YOUR TASK -> Output only the lines below that start at the line containing "Gran hermosa luz" and end at the line containing "App Store in iOS 15", with both ends kept.

Stored records
★ ★ ★
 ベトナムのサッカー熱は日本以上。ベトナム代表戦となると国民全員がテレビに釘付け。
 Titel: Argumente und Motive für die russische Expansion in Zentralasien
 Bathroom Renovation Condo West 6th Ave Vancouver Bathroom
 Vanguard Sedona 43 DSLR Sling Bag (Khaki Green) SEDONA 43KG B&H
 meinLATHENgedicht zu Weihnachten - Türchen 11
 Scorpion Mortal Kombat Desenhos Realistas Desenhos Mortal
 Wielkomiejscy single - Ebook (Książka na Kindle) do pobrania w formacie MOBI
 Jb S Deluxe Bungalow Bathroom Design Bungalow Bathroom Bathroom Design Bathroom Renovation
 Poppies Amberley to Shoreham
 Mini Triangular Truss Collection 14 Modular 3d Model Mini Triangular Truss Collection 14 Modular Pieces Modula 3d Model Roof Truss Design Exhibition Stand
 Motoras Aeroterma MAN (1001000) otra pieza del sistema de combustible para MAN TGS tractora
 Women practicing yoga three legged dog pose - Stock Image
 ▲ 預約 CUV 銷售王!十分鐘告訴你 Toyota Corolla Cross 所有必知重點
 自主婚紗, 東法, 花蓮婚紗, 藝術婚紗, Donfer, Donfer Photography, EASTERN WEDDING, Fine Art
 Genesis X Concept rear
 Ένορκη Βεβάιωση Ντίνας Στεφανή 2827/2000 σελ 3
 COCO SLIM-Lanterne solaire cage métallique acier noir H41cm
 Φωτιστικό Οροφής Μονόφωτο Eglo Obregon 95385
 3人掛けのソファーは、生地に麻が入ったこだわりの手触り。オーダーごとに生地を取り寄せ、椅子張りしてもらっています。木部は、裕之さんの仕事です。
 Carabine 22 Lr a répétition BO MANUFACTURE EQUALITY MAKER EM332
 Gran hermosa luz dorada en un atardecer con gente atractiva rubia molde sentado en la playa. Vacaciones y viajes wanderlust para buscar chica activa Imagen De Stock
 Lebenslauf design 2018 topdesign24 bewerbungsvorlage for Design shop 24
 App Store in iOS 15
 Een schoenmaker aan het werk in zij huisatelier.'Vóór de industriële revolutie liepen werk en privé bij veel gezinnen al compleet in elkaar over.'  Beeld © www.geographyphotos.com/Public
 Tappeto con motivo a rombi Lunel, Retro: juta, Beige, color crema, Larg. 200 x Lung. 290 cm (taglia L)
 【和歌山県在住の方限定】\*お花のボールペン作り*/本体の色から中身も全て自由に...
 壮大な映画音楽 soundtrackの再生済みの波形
★ ★ ★
EXERCISE ANSWER ->
 Gran hermosa luz dorada en un atardecer con gente atractiva rubia molde sentado en la playa. Vacaciones y viajes wanderlust para buscar chica activa Imagen De Stock
 Lebenslauf design 2018 topdesign24 bewerbungsvorlage for Design shop 24
 App Store in iOS 15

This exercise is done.